Given the depletion of shallow water wind energy resources and maturity of Floating Offshore Wind Turbine (FOWT), offshore wind technology is shifting from bottom fixed to floating. As a consequence, the research has concentrated on the points such as energy production and cost, which affect the commercialization of the wind farm. Researchers have studied the individual factors affecting these points, and used over-simplified methods. In order to provide a systematic and high quality analysis, we conducted a comprehensive study of wind farm based on unsteady Reynolds Average Navier–Stokes simulations two FOWTs and detailed decomposition of cost components. Specifically, under different scenarios, we compare the two FOWT performances, such as the power output, torque and six degrees of freedom motion response. The influences of the relative rotating direction and relative positions are analyzed. More importantly, we extensively discuss the impact of the interaction on the FOWT levelized cost of energy under various scenarios. It is found that tandem layout with a distance of 9.25D is the practical optimal parameter choice.

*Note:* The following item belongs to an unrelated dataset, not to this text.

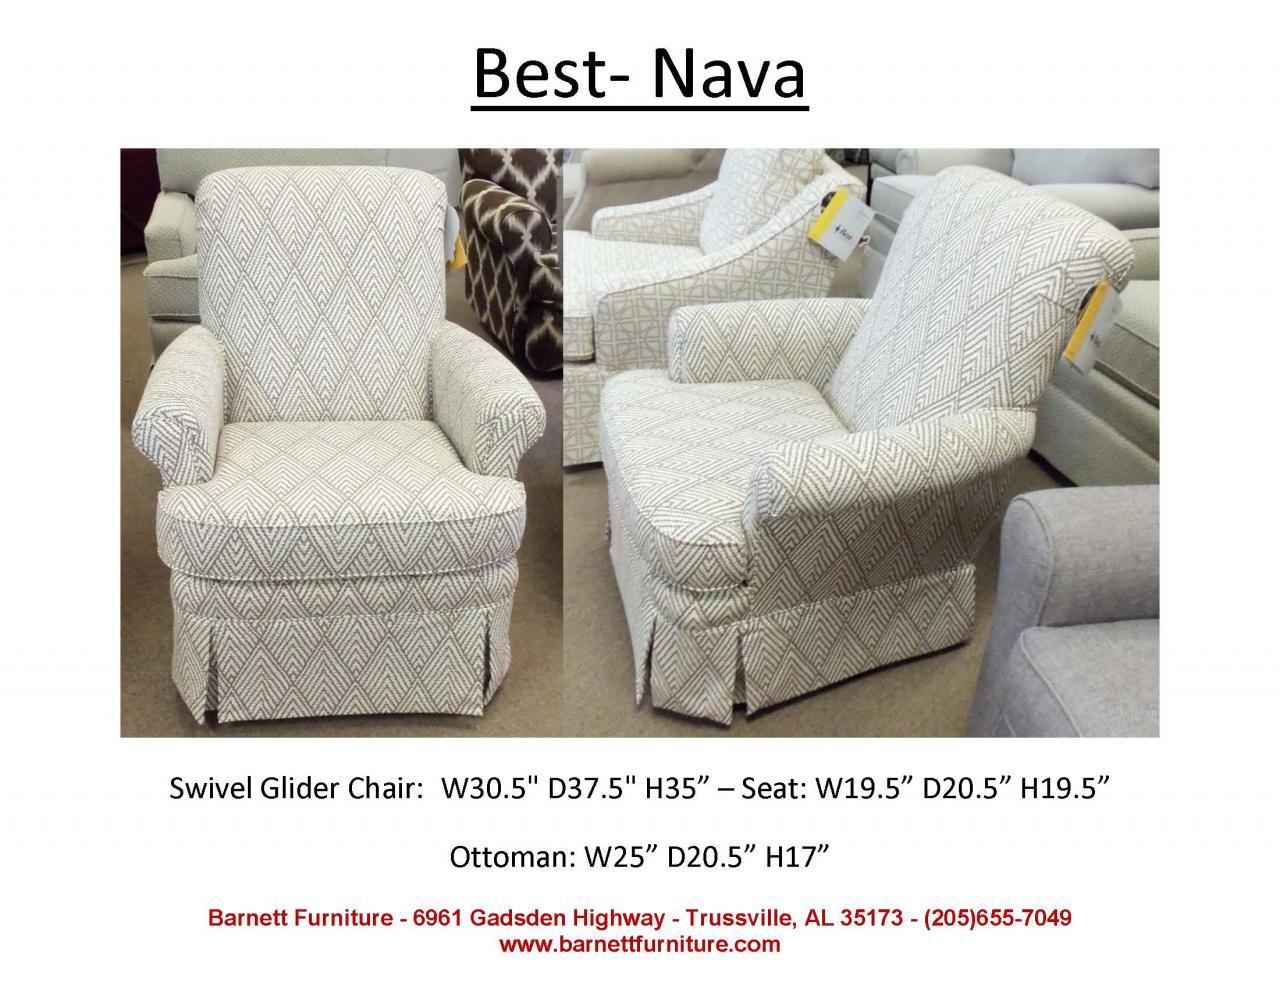 ... Swivel Glider · Southern Furniture 4566 · Best Nava ...

This study is expected to provide guidances and insights for offshore wind researchers and governmental decision makers in future wind farm plannings.

Suggested Citation

  • Zhang, Lijun & Li, Ye & Xu, Wenhao & Gao, Zhiteng & Fang, Long & Li, Rongfu & Ding, Boyin & Zhao, Bin & Leng, Jun & He, Fenglan, 2022. "Systematic analysis of performance and cost of two floating offshore wind turbines with significant interactions," Applied Energy, Elsevier, vol. 321(C).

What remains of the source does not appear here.